EL SEGUNDO, Calif. – The Los Angeles Lakers hold the seventh overall pick in this year’s draft and on Wednesday held their first set of workouts with one 0f the players they had participate was none other than Oklahoma State standout point guard Marcus Smart.
Smart last year was seen as a lock by many as a top three choice of the 2013 draft but made the decision to return for his sophomore year after an impressive freshman season that saw him average 15.4 points, 5.8 rebounds and 4.2 assists per game. He also lead his team to a 24–8 overall record, finished third place in the Big 12, and a No.5 seed in the NCAA Tournament.
His overall performance in 2013 earned him a slew of awards such as Big 12 Conference Player of the Year, USBWA National Freshman of the Year, Big 12 Freshman of the Year, First Team All-Big 12 honors, and was a consensus second team All-American.

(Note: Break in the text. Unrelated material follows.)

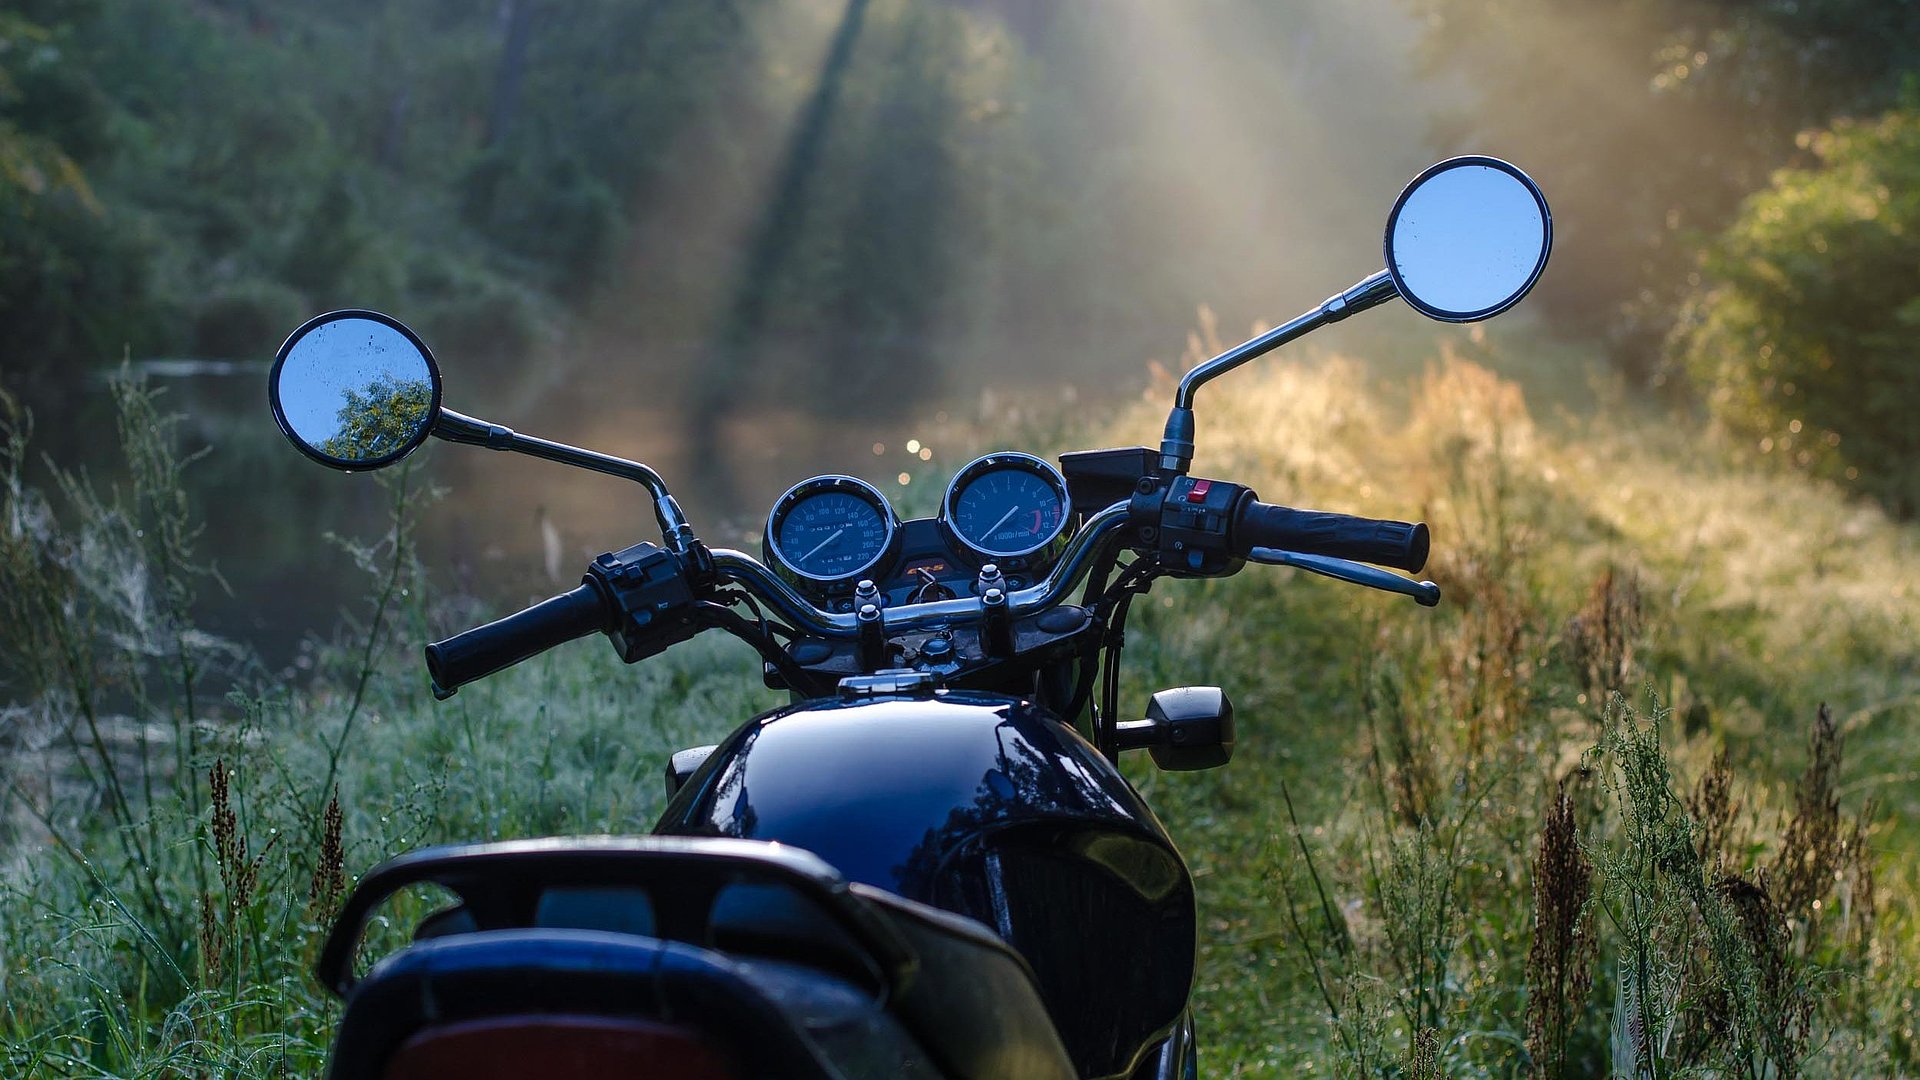 Motorrad-Urlaub im Frankenwald - Motorrad im Wald

With all that in mind, the Texas native decided to come back for another season at Oklahoma State to get another chance at possibly winning a national championship and work on his personal game, but with that came more exposure to his skills set as it showed his lack of consistent outside shooting as he shot 30 percent from 3-point range and 42 percent from the field. However he did see an increase in points per game to 18.0, decrease in turnovers (3.4 to 2.6).
His overall offensive play remained fairly consistent throughout the year as he only failed to reach double digit scoring outputs in three games and topped over 20 points in 12 games that included becoming the first player in NCAA tournament history to have at least 20 points, 10 rebounds, 5 assists and 5 steals in a single game. As for the season he earned a second First Team All-Big 12 honors, and was named Third team All-American by the National Association of Basketball Coaches (NABC).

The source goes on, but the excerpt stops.